Founder Park: For test takers on the SAT, given the choice between a human tutor and an AI, will they trust the AI?
Kai: Now, AI is rarely wrong in answering questions at the level of the American SAT and AP exams. In this case, why is it better than offline tutors? First, it's cheaper, and second, students can ask any questions they want without worrying about the teacher's opinion or impatience for asking silly questions. They can learn anytime, anywhere, 24 hours a day.
Moreover, this market is transferable. After completing the US market, we can also transfer it to A-Level exams in Canada and the UK, etc., where the demand for paid services is very high.

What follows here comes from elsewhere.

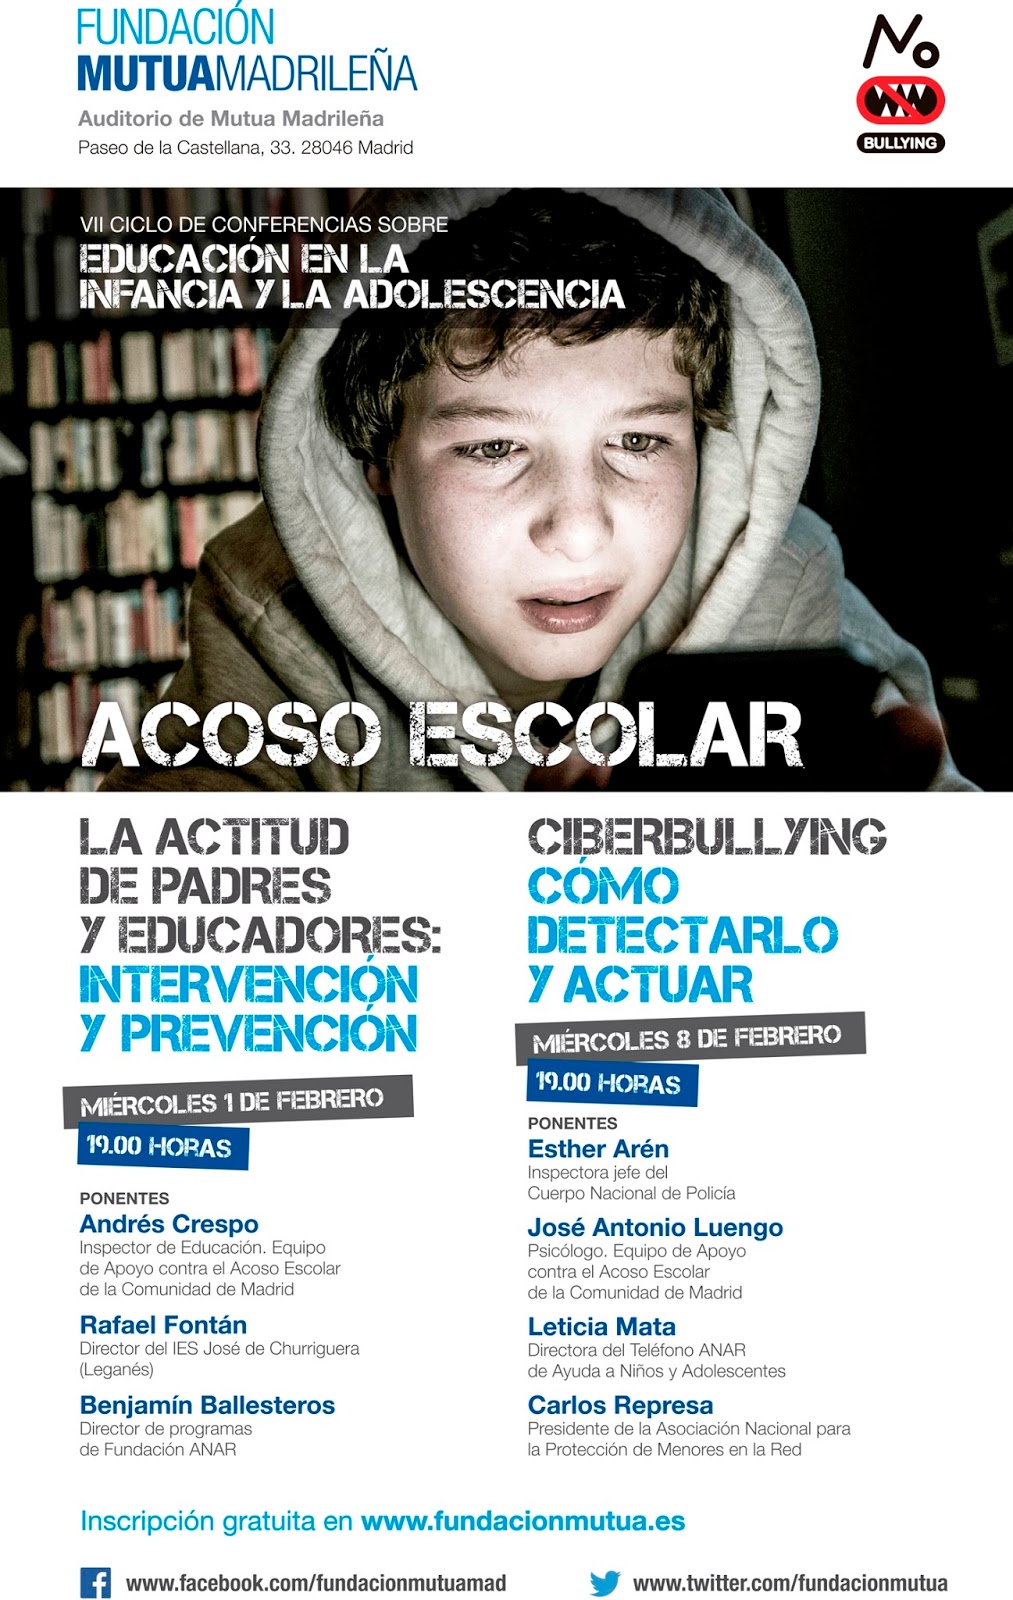 ANAR con Fundación Mutua Madrileña en el VII Ciclo de Conferencias sobre Educación en la Infancia y la Adolescencia

Founder Park: What are your current thoughts on the paid aspect?
Kai: We offer a monthly subscription option, and another option is pay-per-learning. I think AI is already capable of pay-per-results. We might launch a package where, for example, you pay $799 and we guarantee your child a perfect score on the SAT Math.
Founder Park: But if we pay based on exam results, doesn't that also depend on the student's individual initiative?
Kai: This might not be possible with the Chinese college entrance exam (Gaokao) because it covers a vast number of topics, thousands. However, the American SAT only has 62 topics, 50 of which are standard and most students have no problem with them. The remaining 12 are generally easy to master as well. Unless a student has a genuine problem with their logic, there's virtually no chance they won't be able to learn it. Furthermore, AI's efficiency-enhancing effects are very significant.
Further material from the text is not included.